One thing that this group of people finds particularly appalling is that I do not accept their terminology:

  • I do not believe that “privilege” is a helpful term or one that accurately describes the inequality that exists in our society.
  • I believe the privilege discourse is essentially a form of victim-blaming, in which one group of victims is elevated to being more deserving of equality than the other.
  • I do not believe in a determinist understanding of social origin in which all people from one category are inherently sexist or racist.
  • I believe in rights, not privileges. Not being harmed is not a privilege, it is a right. If one person is harmed and another is not, the blame should go to the one causing the harm.
  • I do not believe that racism comes down to a simplistic black-white dichotomy.
  • I especially do not believe that such a dichotomy can be applied to countries that are historically unrelated to the trans-Atlantic slave trade and/or colonialism and thus have no conception of “whiteness” to begin with.
  • I do not believe that “patriarchy” is a useful term (except in its very specific original meaning) and that sexism should be understood as the enforcement of gender stereotypes, not “male privilege”.
  • I believe that sexism has historically oppressed men and women equally, by forcing both to live their lives in highly circumscribed ways, subjecting women to servitude at home and men to servitude both at work and in the battlefield. To ignore either side of the equation is to ignore the suffering of billions.

Essentially:

  • I believe the most urgent need of our time is to change the economic system we live in, before the inevitable crises produced by the current one annihilate us.
  • I believe sexism and racism can only be fought by deconstructing the fictional borders that fuel them, and that uniting people in the fight for better material conditions is actually the best, possibly the only, way of destroying the arbitrary divisions that have socially enslaved every member of this species for so long.
  • I also believe that attacking sexism, racism and other forms of discrimination at every opportunity (as false divisions, not via the guilt-based privilege discourse) is essential to building a mass movement; this interlocks with the point above.
  • In other words, I am calling for a transcultural, internationalist approach to the fight for equality.

It should also be noted, however, that:

  • I could be wrong.
  • You could be wrong.
  • Being in error is not a sin.
  • Disagreement is not a sign of moral degeneration.
  • It is extremely destructive to claim that all those who oppose one’s methods or analyses oppose the very notion of equality or justice.

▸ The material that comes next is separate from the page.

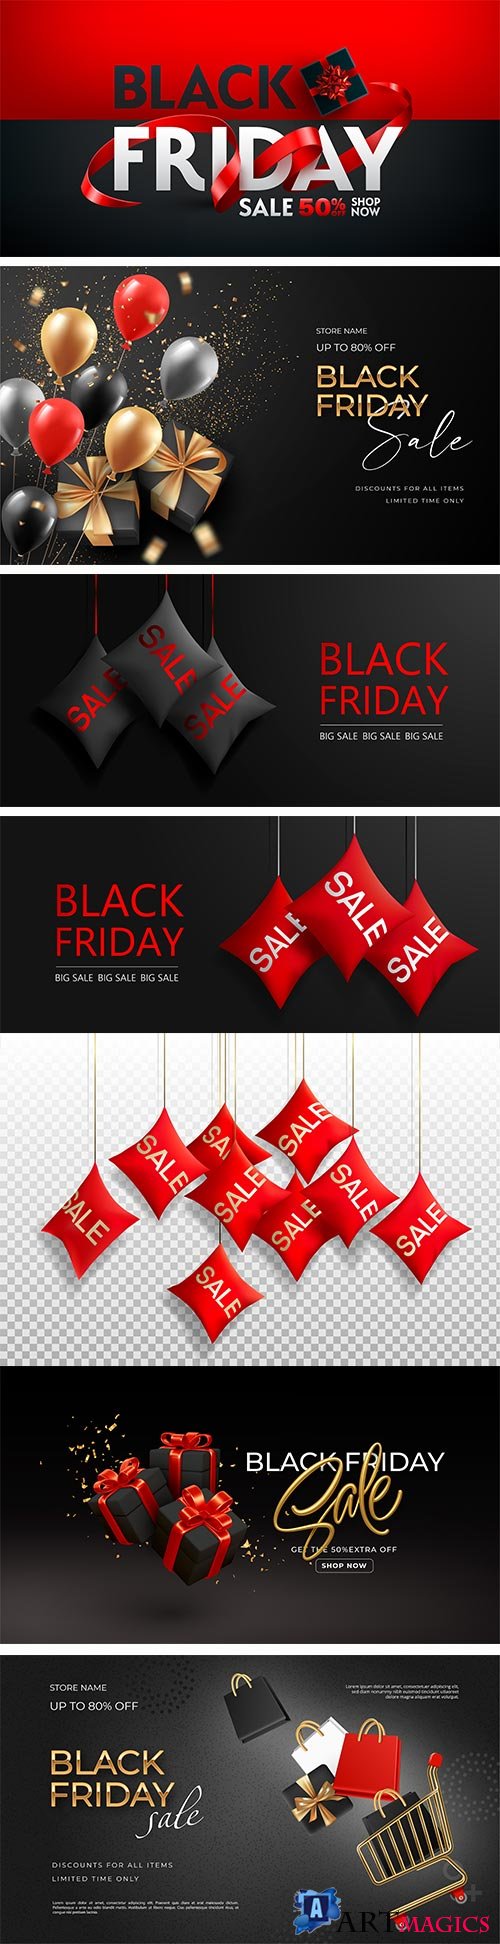 Black friday sale banner background with realistic 3d objects

This is all very abstract, as one would expect from a summary. But you will find that wherever I have argued in favour of these ideas, I have provided detailed arguments for my position, and I have written many long and thorough explanations of individual points on this list, drawing on a global tradition of thought that includes people of all genders, sexes, sexual preferences, classes, colours, and so on.

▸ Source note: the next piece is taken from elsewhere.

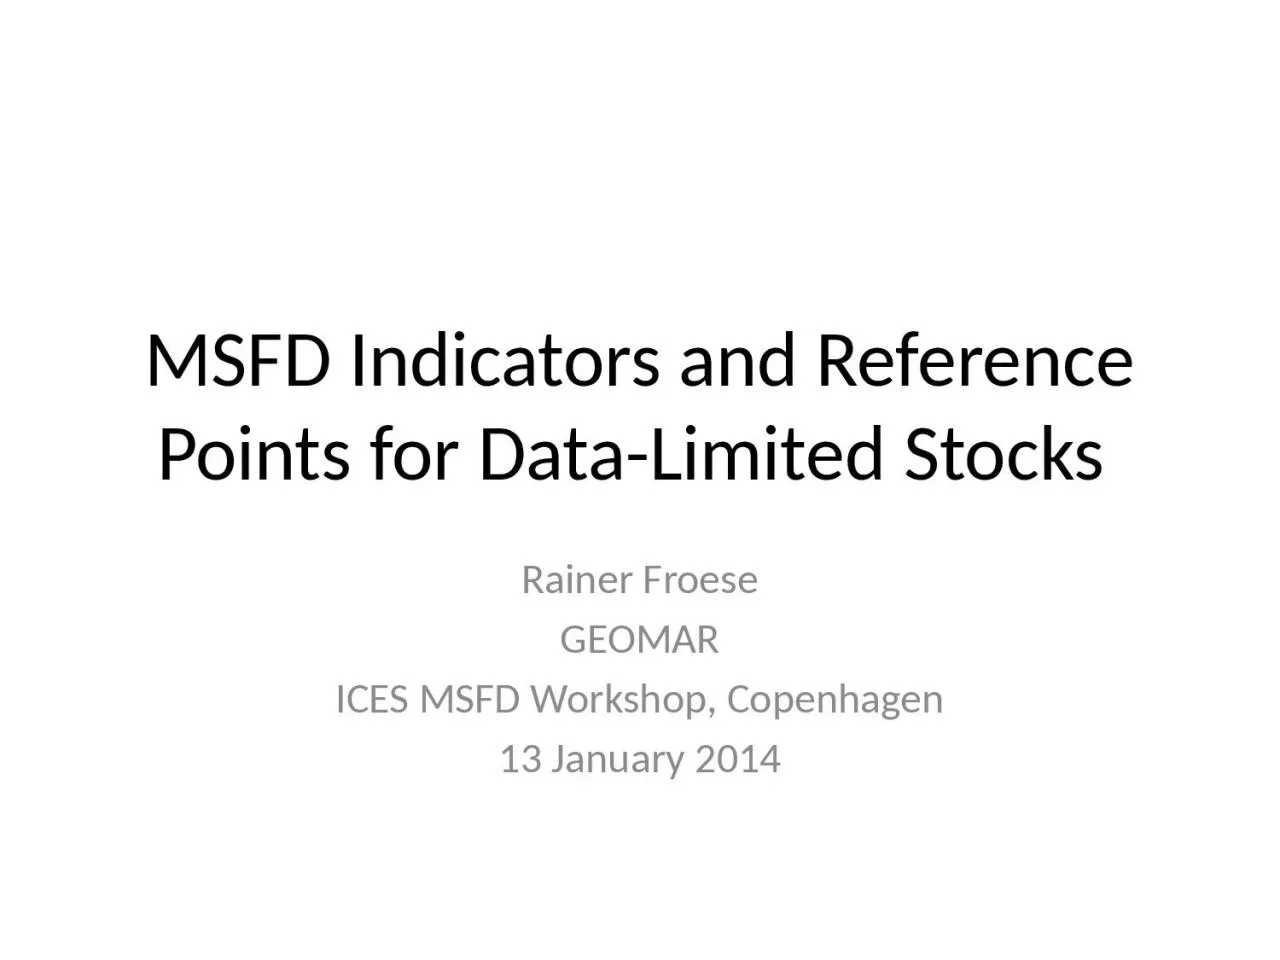 MSFD Indicators and Reference Points for Data-Limited Stocks

To be entirely clear, I do not object to people thinking that I am wrong; I do object to the notion that these principles mean I am a sexist, a racist, a “manarchist” or any other such thing. I also object to attacks on my moral character (such as calling me a “creeper”) on the basis of these principles. If you dislike me because I once criticized an article written by one of your friends, fine, but do not pretend it is anything other than a petty personal vendetta. If you simply disagree with my positions, that’s fine too – either ignore me or talk to me. You’re not required to engage in debate, but responding to disagreement with slander is rather low.